Compute the post-test probability of an outcome given diagnostic test sensitivity and specificity.

Usage

epi.nomogram(pretest.ppos, se, sp, lratio.pos = NA, lratio.neg = NA, 
   conf = 0.95, method = "exact", verbose = FALSE, credible.int = 0.95, 
   nsim = 999)

Value

A list containing the following:

pretest.ppos

the pre-test probability of being outcome positive, as entered by the user.

pretest.pneg

the pre-test probability of being outcome negative, 1 - pretest.ppos.

postest.ppos

the post-test probability of being outcome positive and the lower and upper bounds of the credible interval of the post-test probability of being outcome positive if confidence limits for se and sp have been provided.

postest.pneg

the post-test probability of being outcome negative and the lower and upper bounds of the credible interval of the post-test probability of being outcome negative if confidence limits for se and sp have been provided.

lratio.pos

the positive likelihood ratio.

lratio.neg

the negative likelihood ratio.

Arguments

pretest.ppos

the pre-test probability of being outcome positive (0 - 1).

se

diagnostic test sensitivity (0 - 1). Either a vector of length one listing the point estimate of the diagnostic test sensitivity or a vector of length three listing (in order) the point estimate, the lower bound of the confidence interval and the upper bound of the confidence interval of the diagnostic test sensitivity.

sp

diagnostic test specificity (0 - 1). Either a vector of length one listing the point estimate of the diagnostic test specificity or a vector of length three listing (in order) the point estimate, the lower bound of the confidence interval and the upper bound of the confidence interval of the diagnostic test specificity.

lratio.pos

positive likelihood ratio. A vector of length one. Ignored if se and sp are not null.

lratio.neg

negative likelihood ratio. A vector of length one. Ignored if se and sp are not null.

conf

scalar, the magnitude of the confidence interval for the listed diagnostic test performance measures (se and sp).

method

a character string indicating the method used to calculate the confidence intervals for se and sp. Options are method = "exact", method = "wilson", method = "agresti", method = "clopper-pearson" and method = "jeffreys".

verbose

logical, indicating whether detailed or summary results are to be returned.

credible.int

magnitude of the returned credible interval for post-test probability. Must be a single number between 0 and 1.

nsim

scalar, defining the number of simulations to be used for the post-test probability confidence interval calculations.

Details

To return a credible interval for the post-test probability this function uses the objective Bayesian method described by Mossman and Berger (2001). In brief, the confidence limits entered by the user for se and sp and specification of the method used to estimate those confidence limits (i.e., method = "exact", method = "wilson", method = "agresti", method = "clopper-pearson" or method = "jeffreys") are used to return the number of study subjects in the study from which the diagnostic test accuracy results were obtained (e.g., the number of individuals outcome and test positive individuals and the number of outcome positive individuals outcome positive for diagnostic sensitivity). Random draws from binomial distributions using shape parameters based on the number of study subjects are then used to generate a distribution of outcome positive post-test probabilities and a distribution of outcome negative post-test probabilities. The setting for credible.int defines the magnitude of the reported credible interval for the post-test probabilities.

References

Caraguel C, Vanderstichel R (2013). The two-step Fagan's nomogram: ad hoc interpretation of a diagnostic test result without calculation. Evidence Based Medicine 18: 125 - 128.

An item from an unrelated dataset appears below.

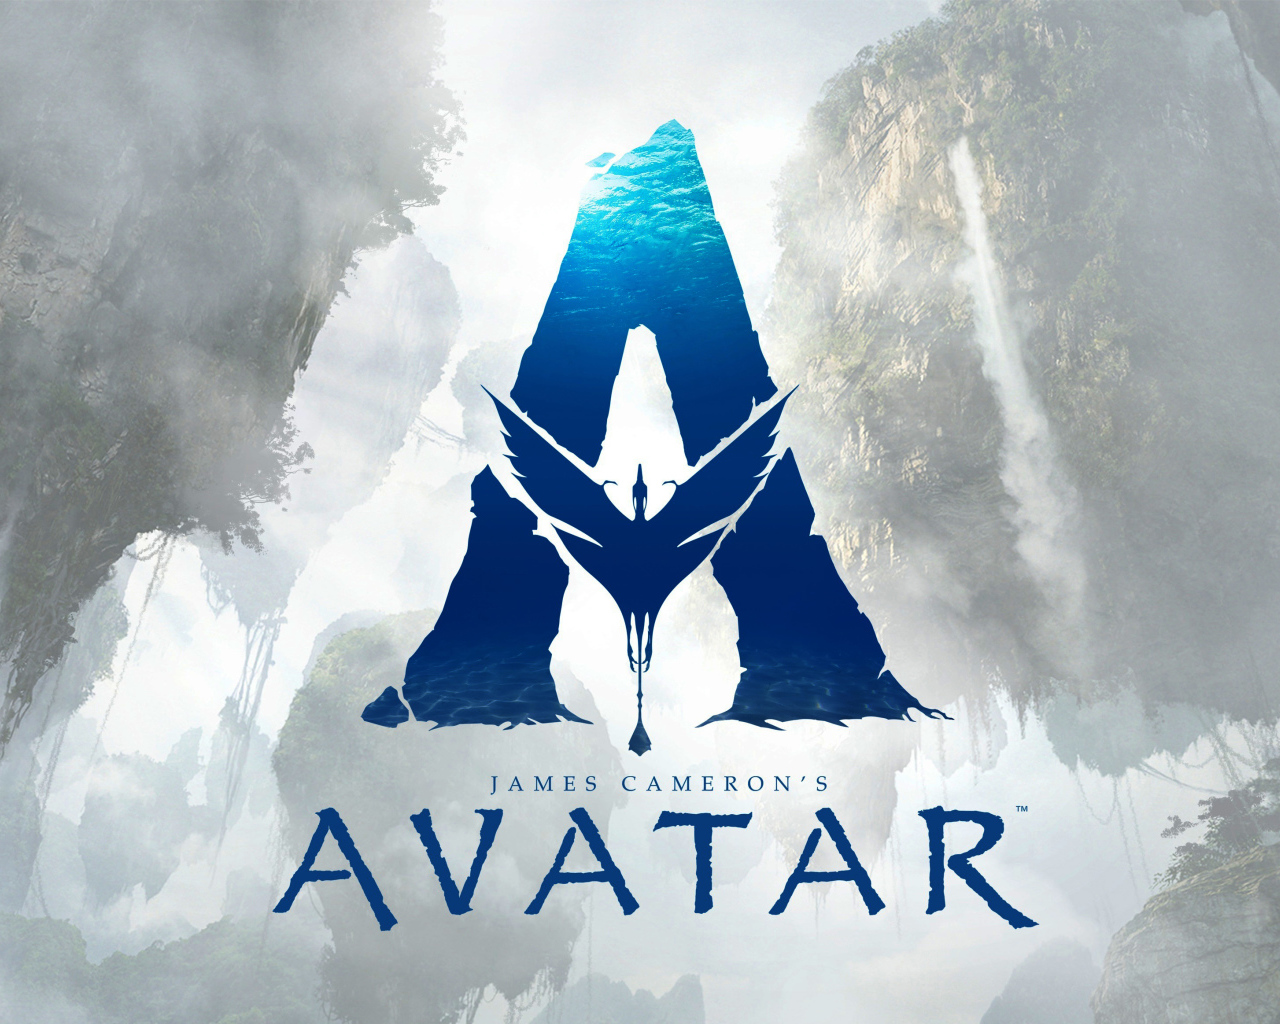 Логотип фильма фэнтези Аватар 2, 2020

Haskins R, Osmotherly P, Tuyl F, Rivett D, (2014). Uncertainty in clinical prediction rules: The value of credible intervals. Journal of Orthopaedic and Sports Physical Therapy 44: 85 - 91. DOI: 10.2519/jospt.2014.4877.

Hunink M, Glasziou P (2001). Decision Making in Health and Medicine - Integrating Evidence and Values. Cambridge University Press, pp. 128 - 156.

Mossman D, Berger J (2001) Intervals for posttest probabilities: A comparison of 5 methods. Medical Decision Making 21: 498 - 507.

Examples

Run this code
## EXAMPLE 1:
## You are presented with a dog with lethargy, exercise intolerance, 
## weight gain and bilaterally symmetric truncal alopecia. You are 
## suspicious of hypothyroidism and take a blood sample to measure 
## basal serum thyroxine (T4).

## You believe that around 5% of dogs presented to your clinic with 
## a signalment of general debility have hypothyroidism. The serum T4 
## has a sensitivity of 0.89 and specificity of 0.85 for diagnosing 
## hypothyroidism in the dog. The laboratory reports a serum T4 
## concentration of 22.0 nmol/L (reference range 19.0 to 58.0 nmol/L). 
## What is the post-test probability that this dog is hypothyroid?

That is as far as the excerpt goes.